Eigenkapitalanforderungen:Zwei deutsche Banken weltweit systemrelevant
Die G20-Staaten haben eine Liste der 29 weltweit wichtigsten Banken veröffentlicht. Diese müssen höhere Eigenkapitalanforderungen erfüllen als andere Institute. Die Geldhäuser im Überblick.
von Frank Bremser
29 internationale Großbanken müssen sich auf höhere Kapitalanforderungen einstellen. Auf der Liste, die auf dem G20-Treffen in Cannes vorgelegt wurde, stehen aus Deutschland die Deutsche Bank und die Commerzbank. Eine Liste über Versicherer und Investmentfonds soll noch folgen.
Infografik: Diese Banken brauchen mehr Eigenkapital
Mit den neuen Kapitalanforderungen soll die sogenannte "Too-Big-to-Fail"-Problematik angegangen werden. Dabei geht es darum wie diese "systemrelevanten Finanzinstitute" besser durch Krisensituationen kommen und im Notfall restrukturiert oder abgewickelt werden könne, ohne dass dies zu Verwerfungen im weltweiten Finanzsystem führt. Kriterien sind Größe, Vernetzung, Mangel an Ersetzbarkeit, Internationalität und Komplexität.
Die Banken auf der Liste müssen zusätzlich zu den gemäß der durch Basel III angestrebten Kernkapitalquote von sechs Prozent noch mehr Geld beiseite legen.
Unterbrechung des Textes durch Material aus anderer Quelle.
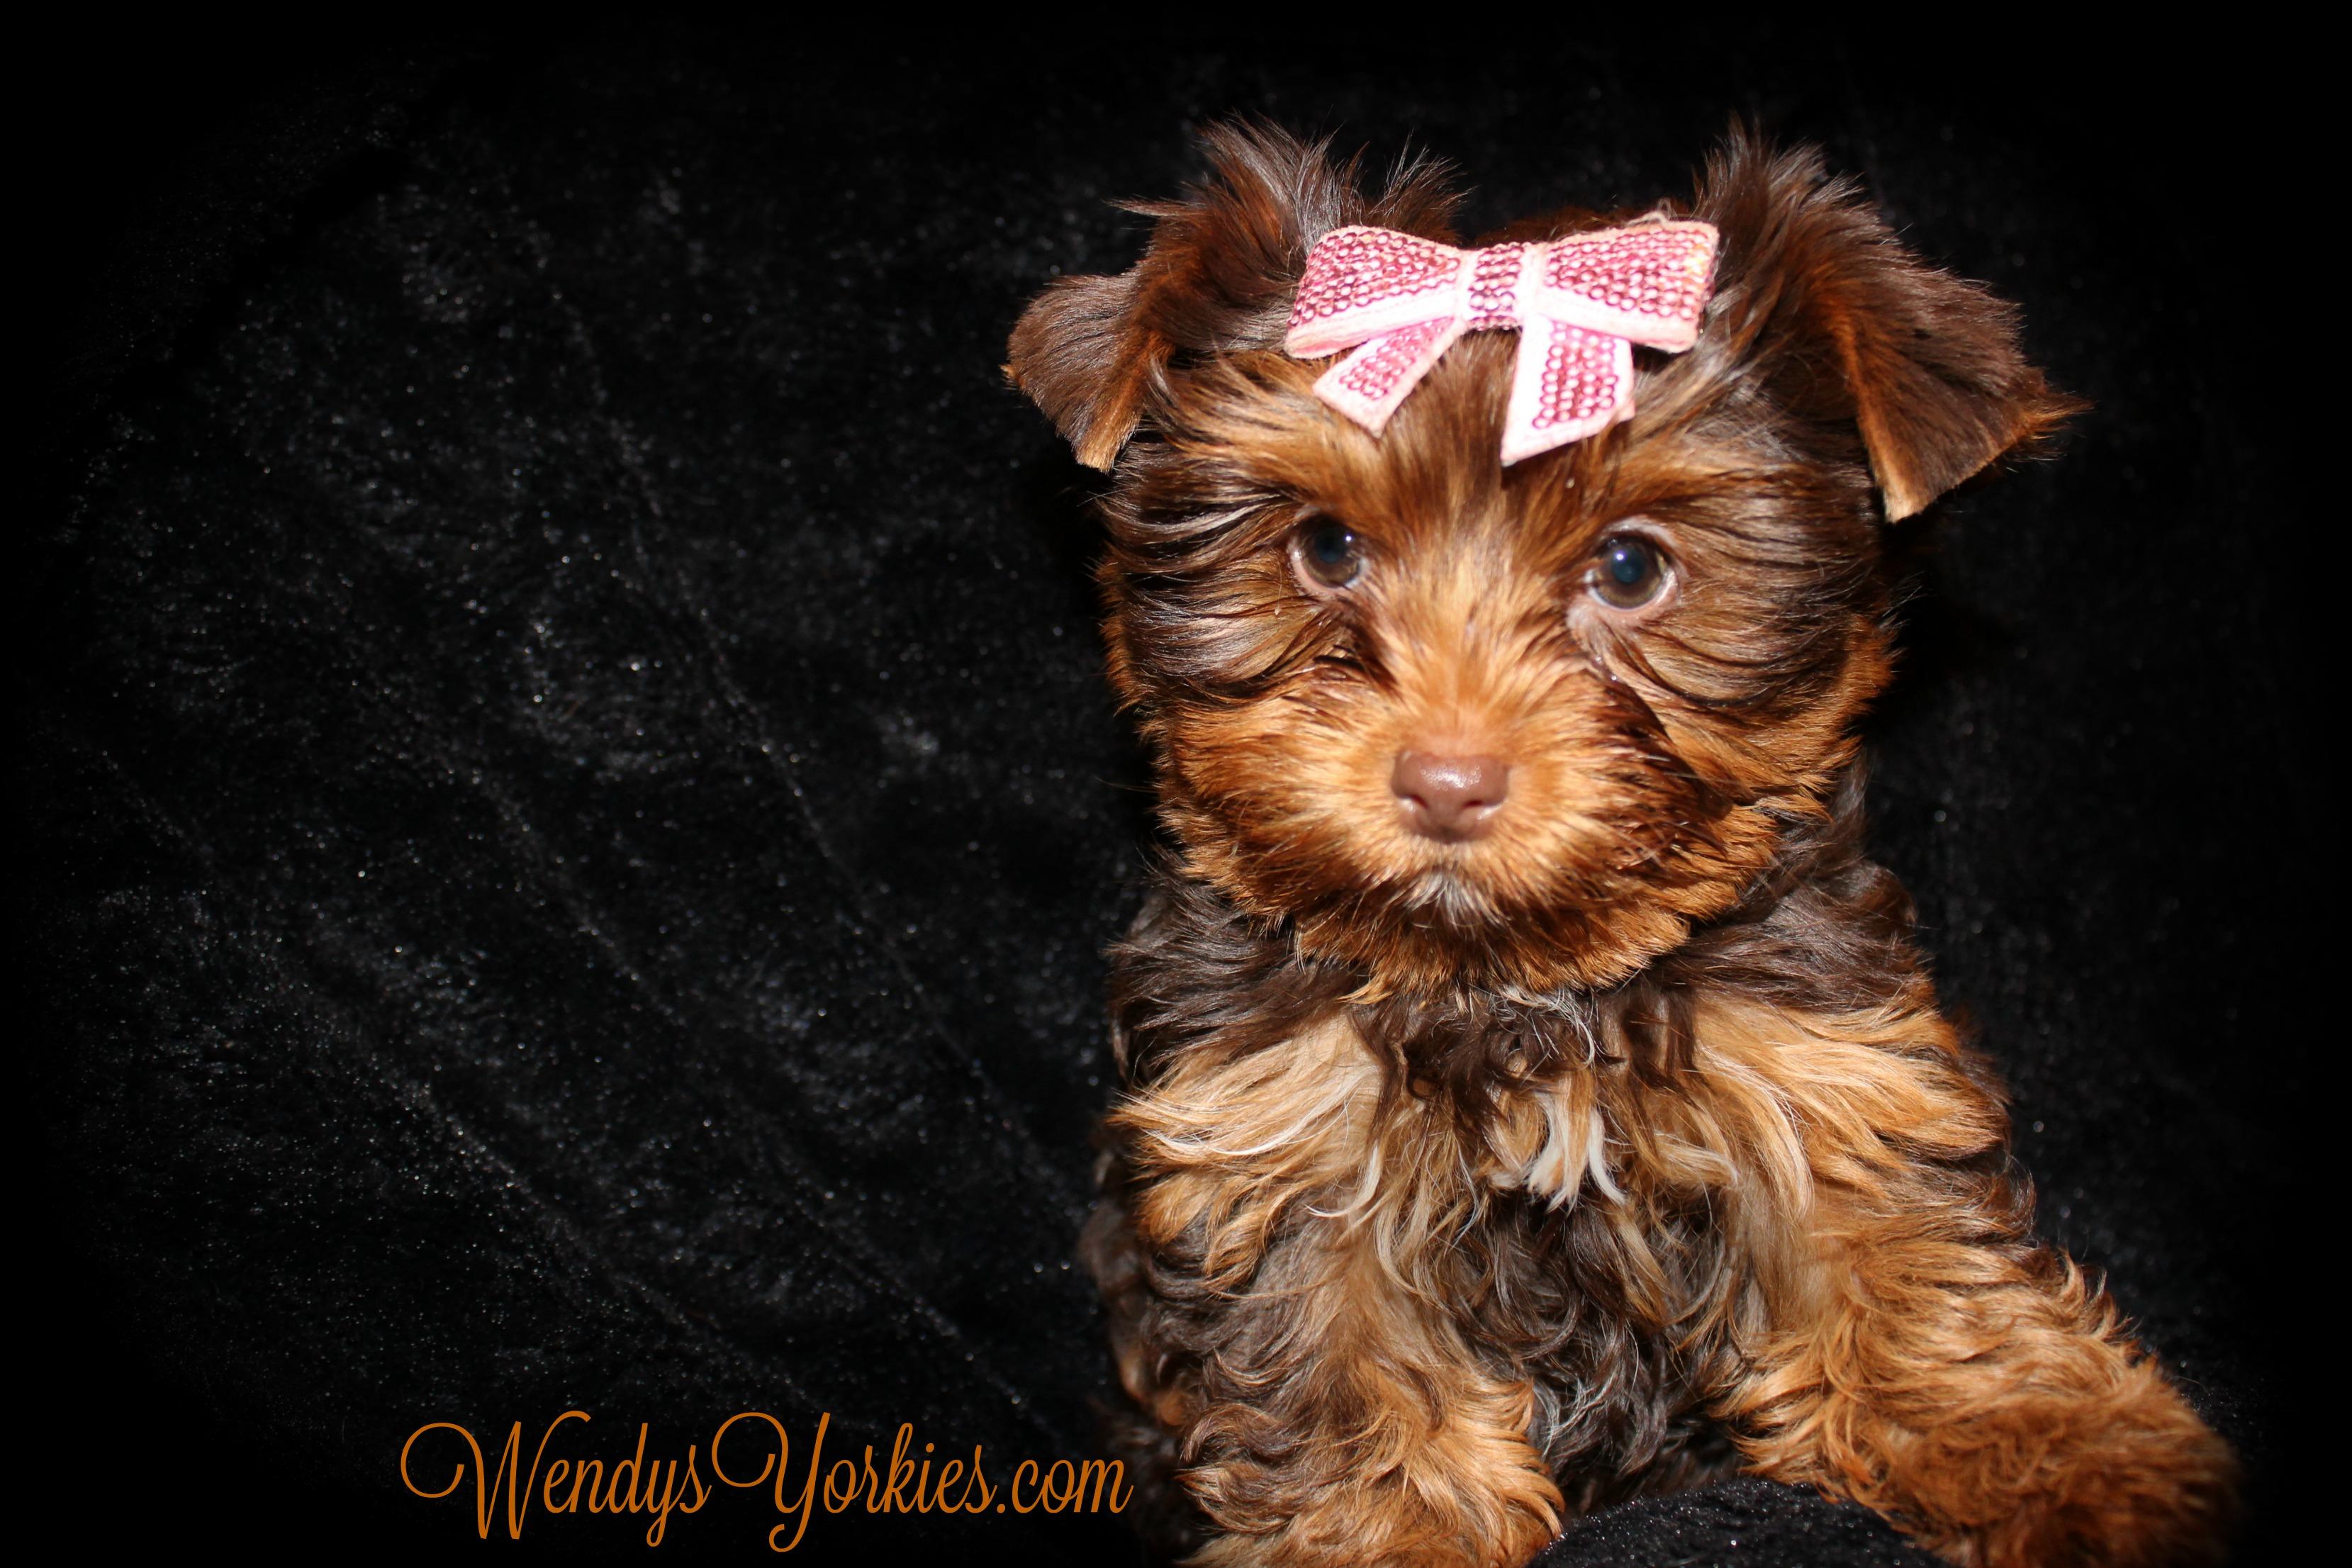 Cute Chocolate Yorkie puppy for sale, WEndysYorkies.com, Lela fc1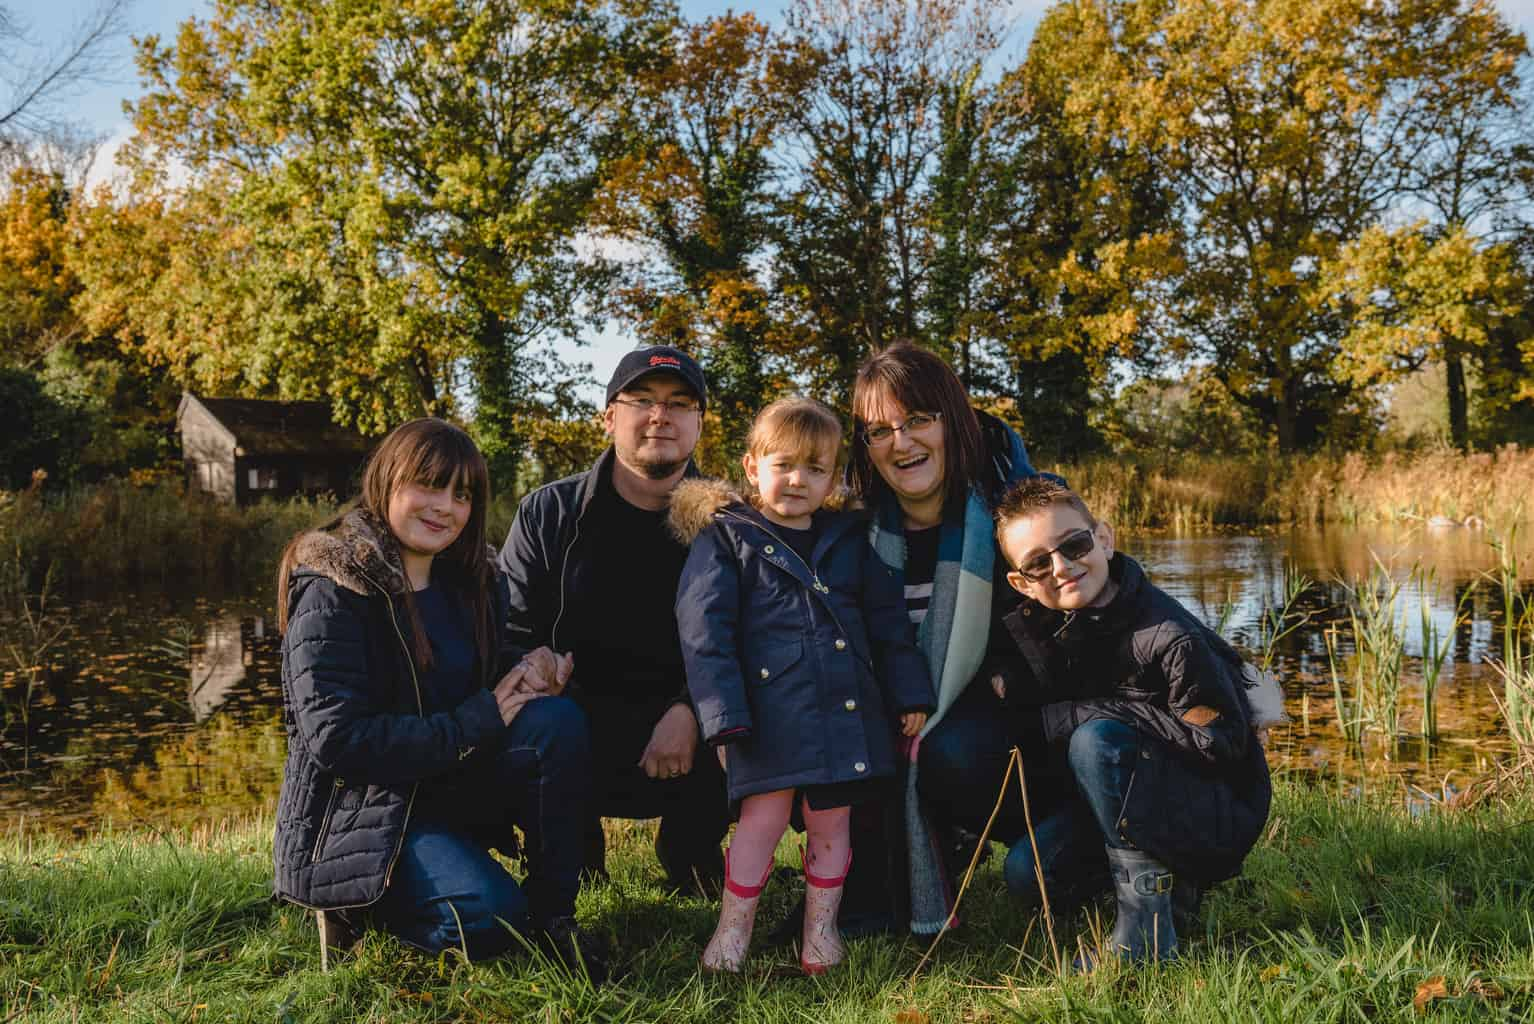 An Autumn Family Mini Photo Shoot with Beth Moseley Photography

Je nach Einstufung liegt der Aufschlag bei ein bis 2,5 Prozentpunkten. Eine weitere Stufe sieht sogar einen zusätzlichen Kapitalpuffer von 3,5 Prozentpunkten vor. Die Anforderungen dafür erfüllt derzeit aber kein Institut. In einer Mitteilung der deutschen Bundesregierung heißt es dazu: "Das soll ein negativer Anreiz sein, die Systemrelevanz nicht weiter zu vergrößern."
Vor allem die Bankenbranche selbst hat so ihre Probleme mit den Regeln. Denn höhere Eigenkapitalquoten verteuern das Geschäft. Der Chef von JP Morgan, Jamie Dimon, sagte unlängst, der Zuschlag sei anti-amerikanisch. Die US-Regierung solle überlegen, ob sie Basel III überhaupt einführe.
Andererseits bringt die Liste für die Häuser auch Vorteile: Denn diese Banken gelten automatische als sicherer als andere Banken - was wiederum ihre Refinanzierungskosten senken könnte. Die Regeln sollen ab 2016 schrittweise greifen und 2019 vollständig wirksam werden. Bis Ende 2012 sollen die Häuser einen Plan aufstellen, wie sie in einer existenzbedrohenden Krise ohne Schaden für das gesamte Finanzsystem wieder auf die Beine kommen oder abgewickelt werden können.